Heavy clashes between the PYD and FSA continue in Rasulayn (Serekaniye in Kurdish). Rasulayn is an area of Syria's al-Hasakah province a few hundred meters from the Turkish town of Ceylanpınar, Şanlıurfa province.
Idris is currently in Ankara to talk with Turkish officials as concerns over the possibility of a PYD-controlled autonomous Kurdish region in Syria have risen in Turkey. Many are worried that the emergence of Kurdish autonomy in Syria could embolden PKK terrorists fighting for autonomy in Turkey.

'PYD filled void FSA left in Rasulayn'

Idris said the PYD won ground in Rasulayn by filling the void the FSA left in the region after it shifted troops to the al-Malikiyah and Qamishli regions, also in al-Hasakah.
“We have now a very heavy fight in al-Malikiyah. We are trying to take control of a military airport at Qamishli. We have directed our troops and focused on these regions. The PYD took a chance and got control of Rasulayn,” Idris said.
Idris also said that the FSA is losing ground in their battle with the Syrian regime, while they are also struggling armed groups like al-Nusra, an al-Qaeda affiliate, in addition to the PYD.
Al-Nusra, Idris said, is fighting for control over Syria's oil, natural gas and grain stocks.
Meanwhile, al-Nusra leader Abu Mussab, who was recently kidnapped by PYD fighters, was freed on Sunday, according to Reuters. However, pro-opposition activists gave conflicting reports of how the Islamist brigade commander in the Syrian town of Tel Abyad near the Turkish border came to be free.

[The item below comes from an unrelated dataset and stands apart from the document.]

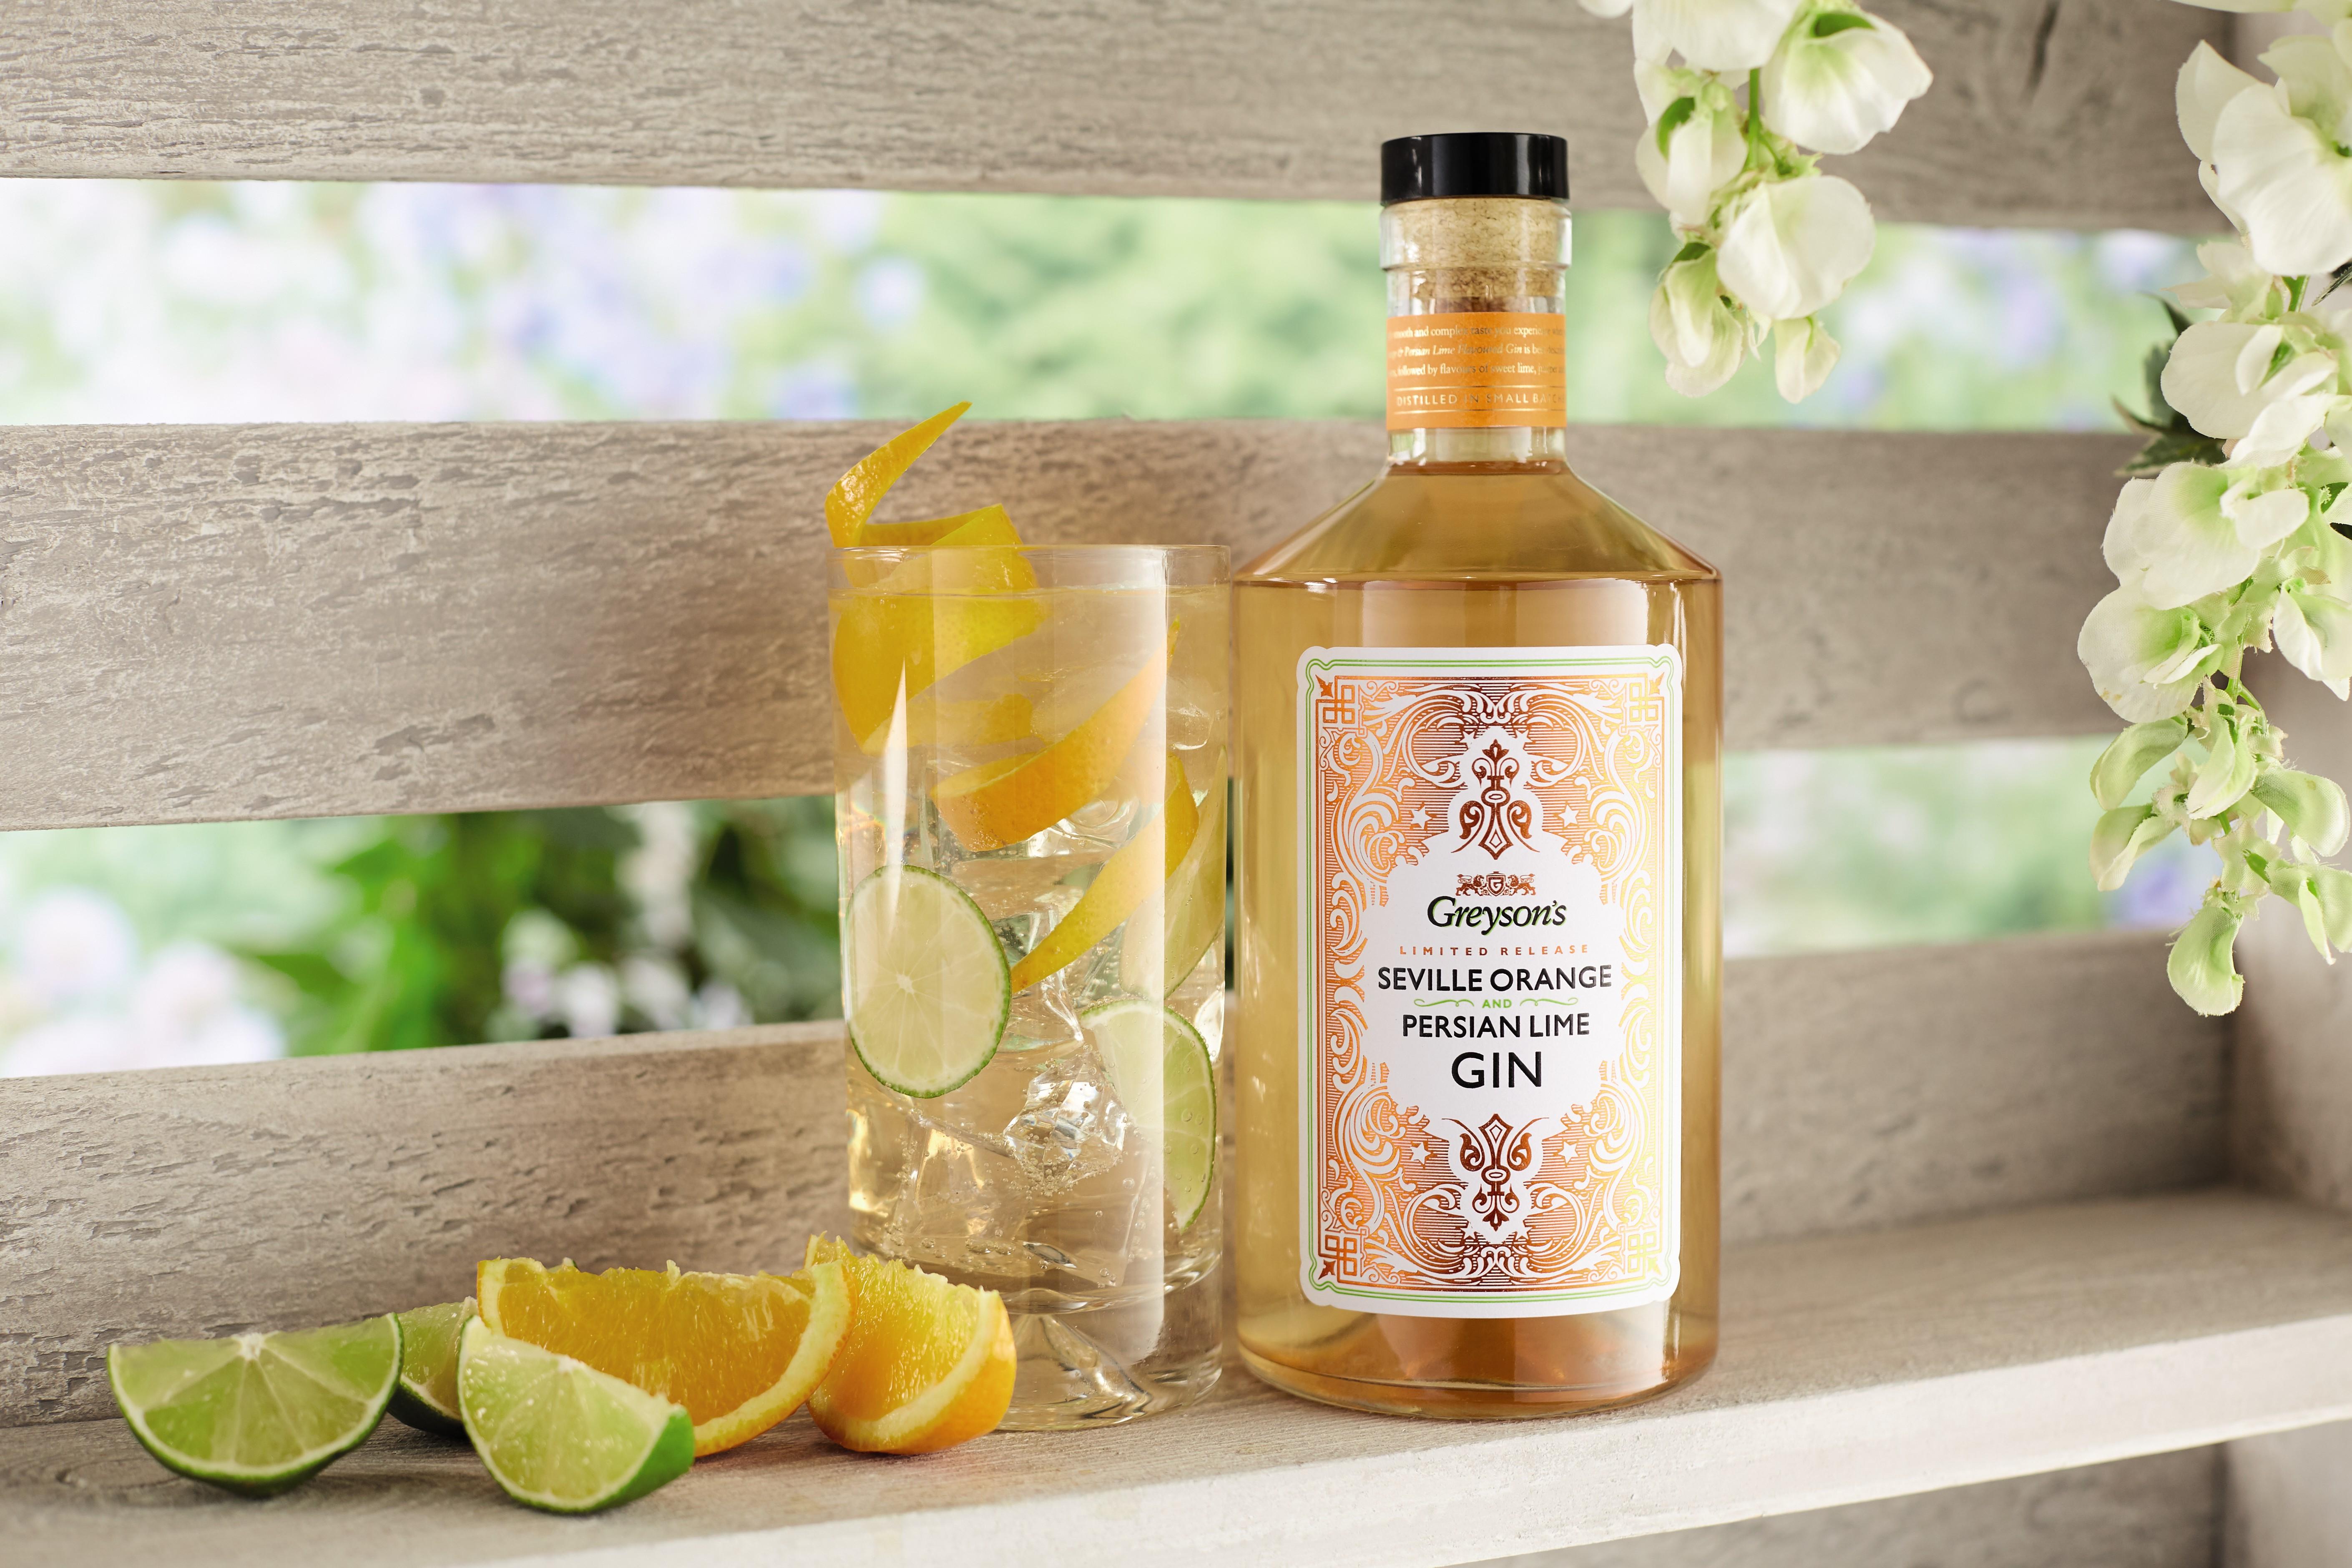 Aldi's seville orange and persian orange gin

Kurdish activist says Syria developments could hinder settlement process

Meanwhile, Seydi Fırat, a member of the Democratic Society Congress (DTK) affiliated with the pro-Kurdish Peace and Democracy Party (BDP), has said that the PYD is preparing to declare autonomy.
“The [PKK terrorism settlement] process has the potential to get blocked. The KCK [an umbrella group of the PKK] is concerned about speculations on Turkish support for attacks [on Kurdish regions.] The developments in Syria also have the potential to block the [PKK terrorism settlement] process,” Fırat told Turkey's Bugün daily.